GOVERNMENT MATTERS – THE “VISIBLE HAND” AND THE “INVISIBLE HAND” IN THE PERIPHERY
By Jorg Goldberg
[This article published in the fall of 2009 is translated abridged from the German on the Internet.]
“The rule of a privileged society of merchants is the worst of all governments for every country.” This old statement of Adam Smith, the father of liberalism, described the nature of the neoliberal development stage of capitalism. The crisis and the accompanying state interventionism of developed countries gave the lie that the “sleek” state and freedom of the market are central.
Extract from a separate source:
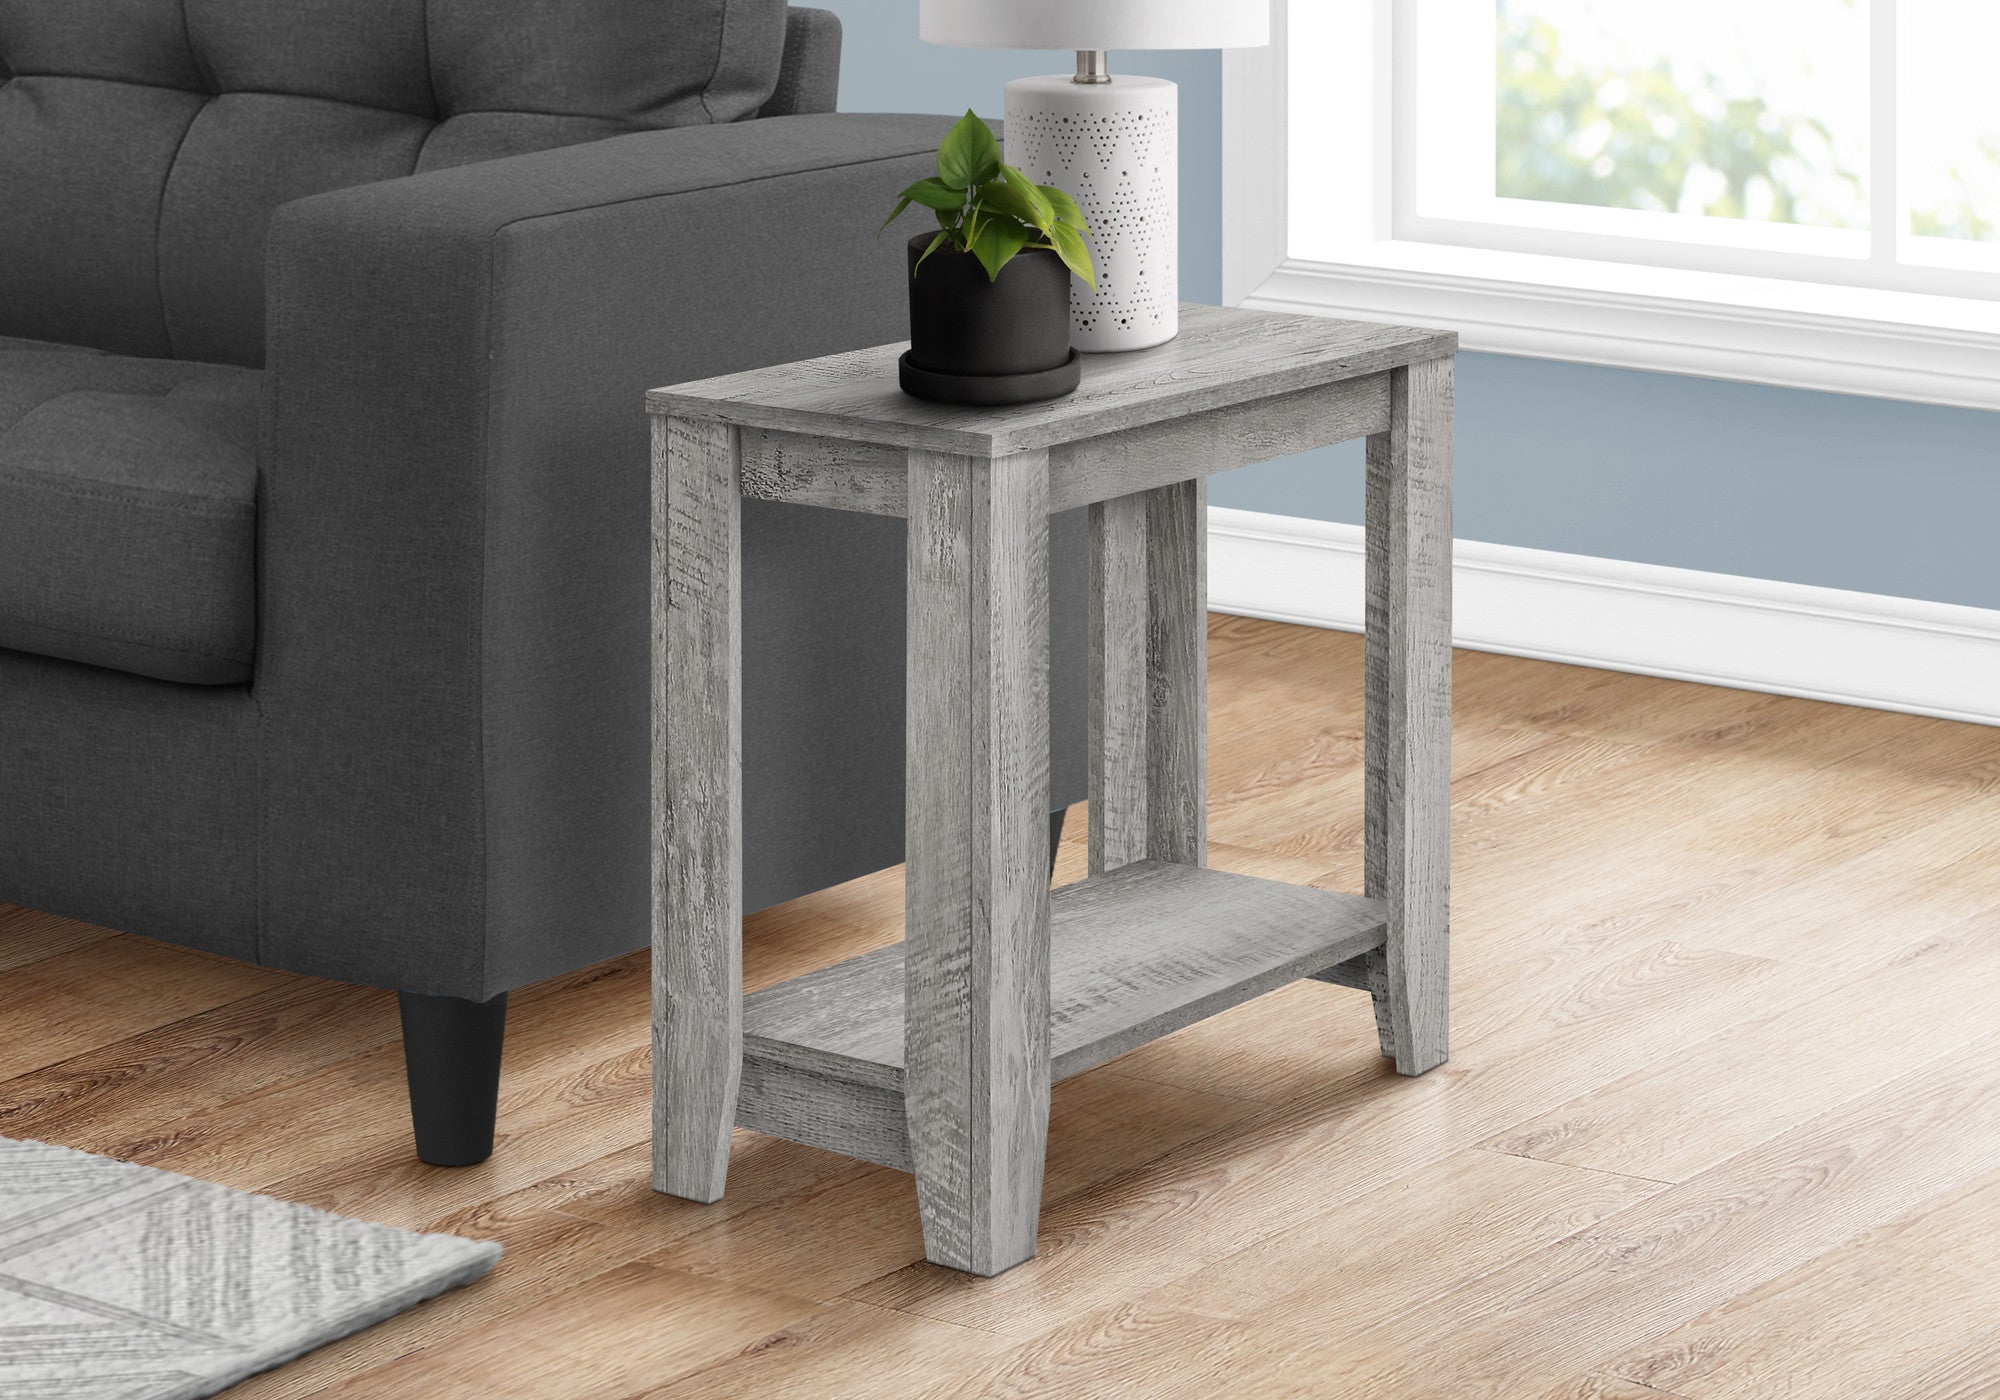 22" Grey End Table With Shelf
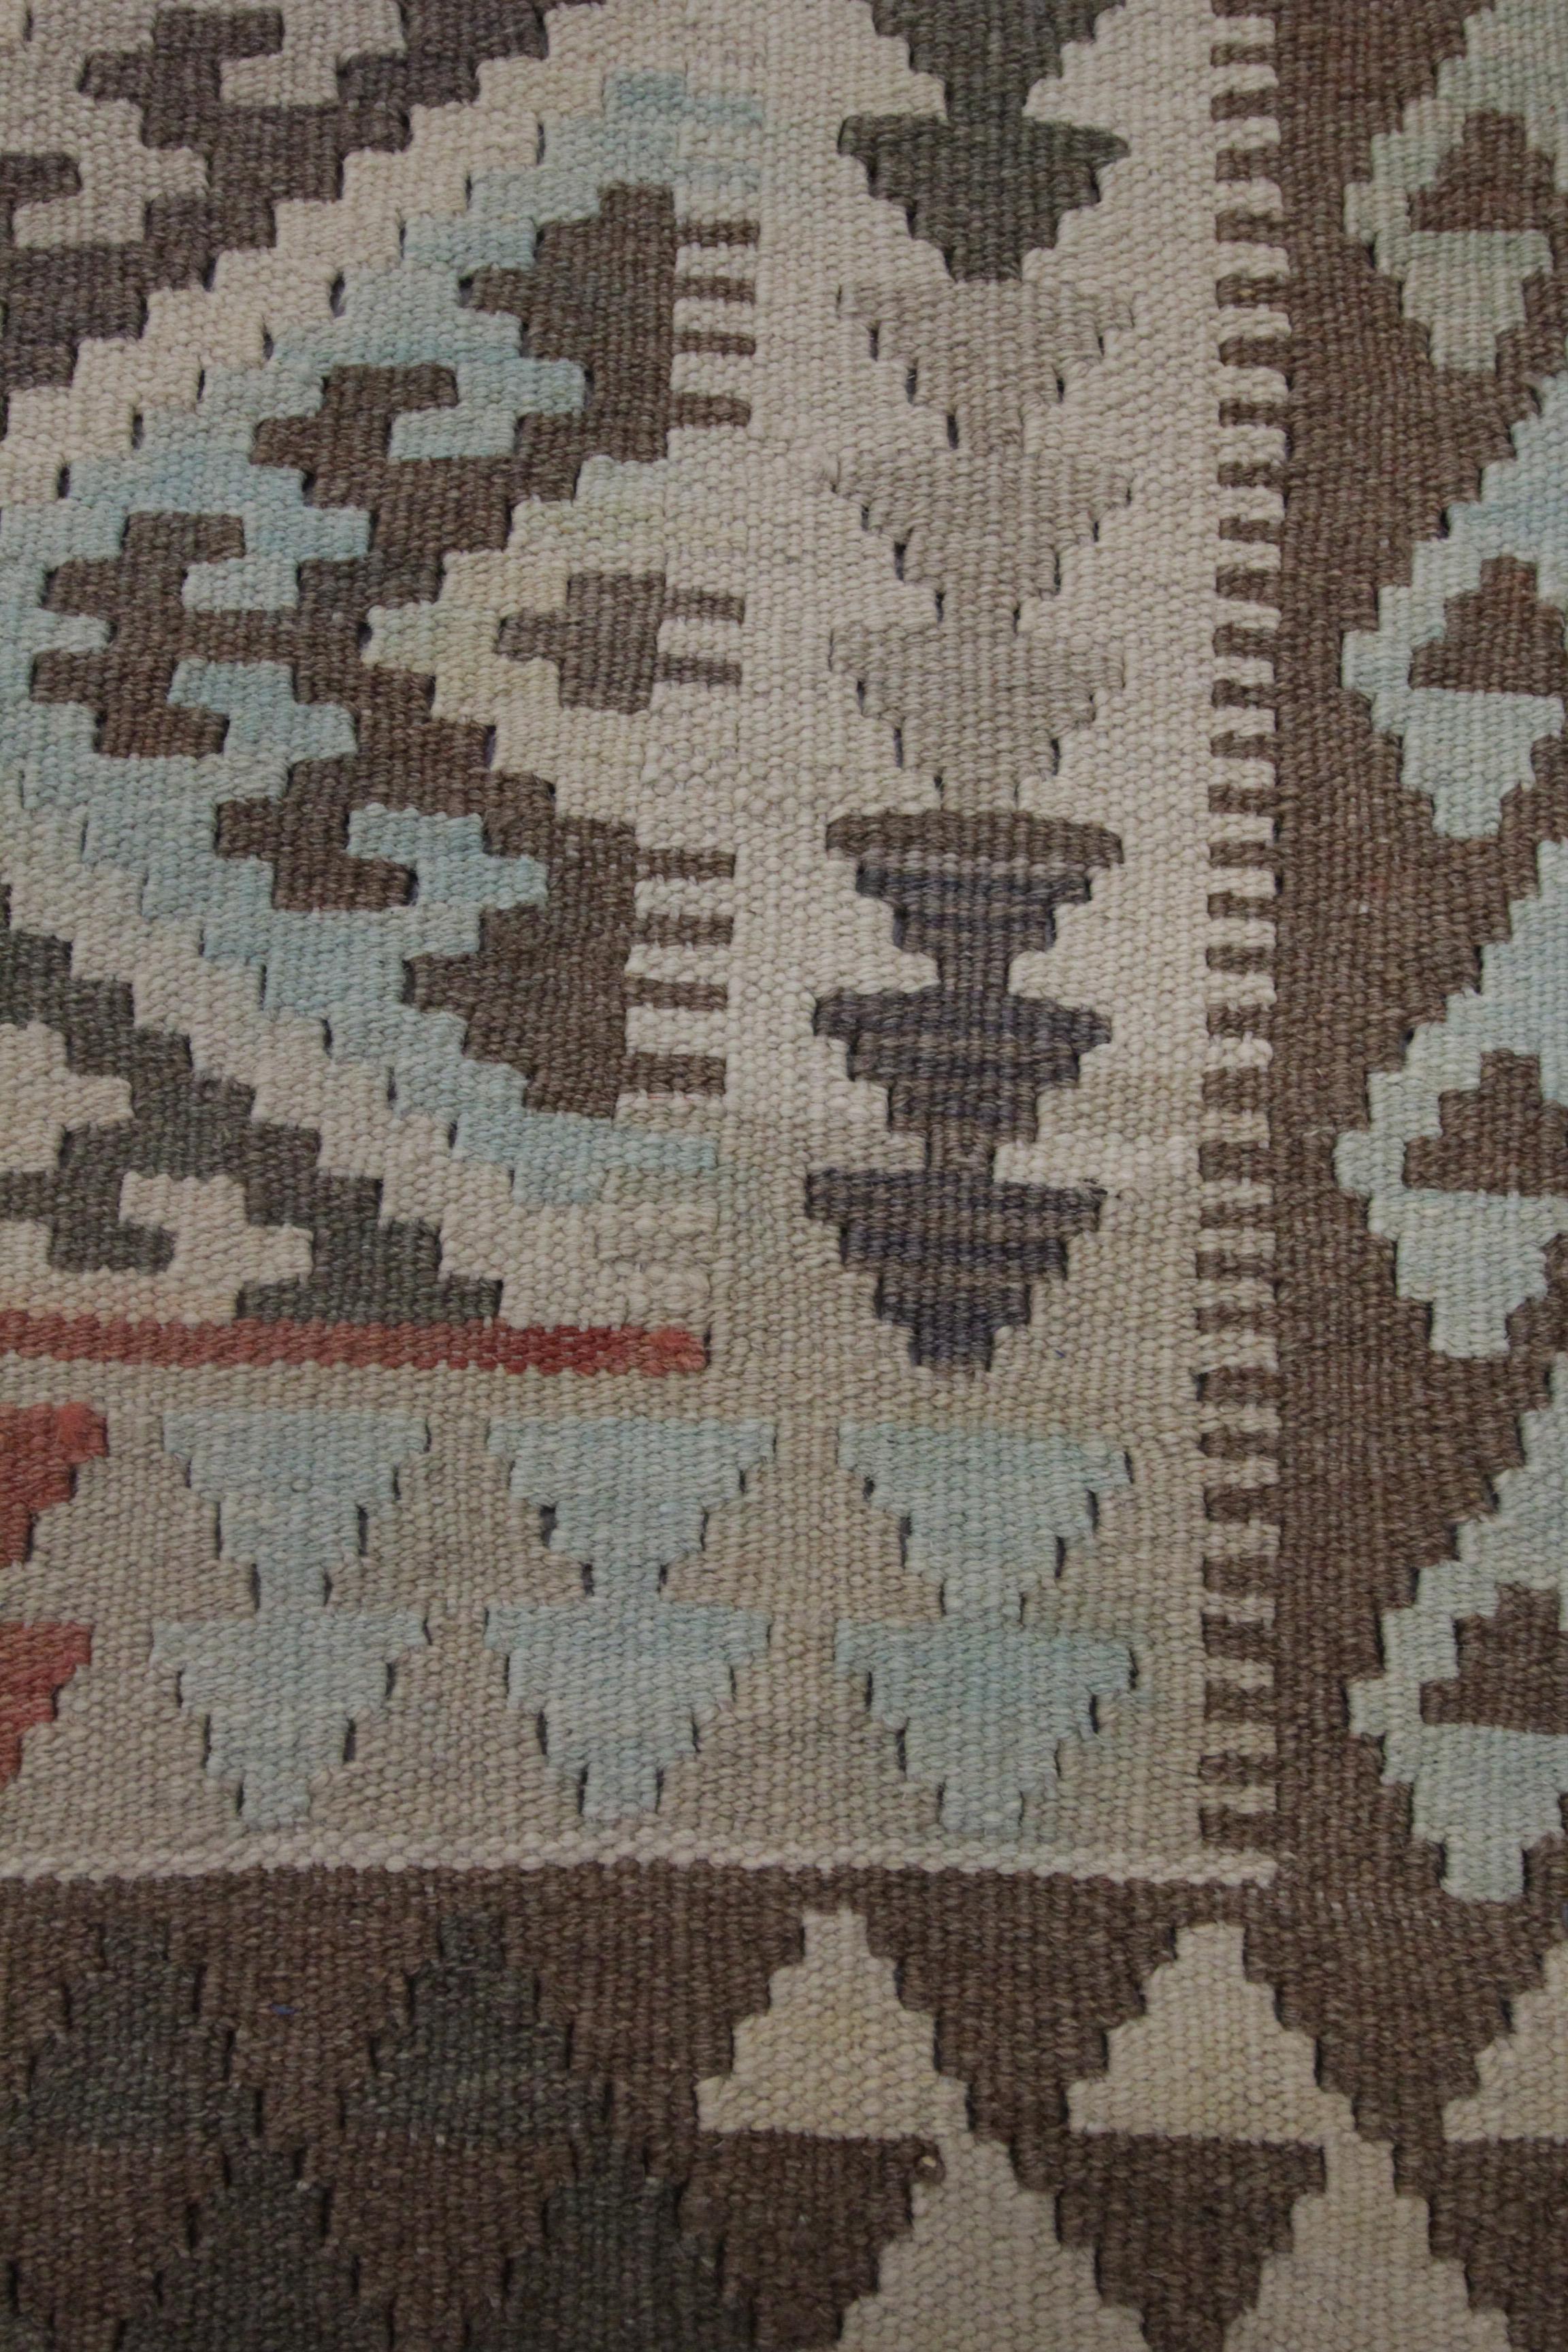 This bold traditional wool Kilim rug is a handwoven Afghan Kilim constructed in the early 21st century, circa 2010-15. The design features a repeating motif pattern made up of hook medallions in blue, beige, and brown accents. A layered border then

Globalized and oligopolized capitalism actually needs the state more than any other historical production method. What is described today as the neoliberal period is in reality the linkage of state and market, economy and politics. This is the attempt to organize public services like individual economic enterprises and adjusting them to the needs of “system-relevant” businesses (Goldberg 2009). This is also true for the development policy implemented by the international financing institutions as the current crisis makes clear. Considering the current economic recommendations, the blatantly unequal treatment of the industrial counties and several threshold countries on one side and the poor or heavily indebted transformation- and developing countries on the other side is striking. While the first group follows an anti-cyclical policy and accepts widening global imbalances, the second group is forced by conditions from the IFIs (international financial institutions) and resource shortage to a procyclical policy that deepens the crisis and expands poverty (United Nations 2009).
STATE INTERVENTIONISM IN THENORTH – AUSTERITY POLICY IN THE SOUTH
Although the “Washington Consensus” dominating development policy arose as “the smallest common denominator of the Washington institutions (International Monetary Fund/ IMF and the World Bank),” the political consultants to Latin American countries up to 1989, are nothing but a poor imitation of the neoliberal mainstream of developed industrial countries. A chasm seems to be opening up for developing countries between what happens in industrial countries and the prescriptions for poor developing countries.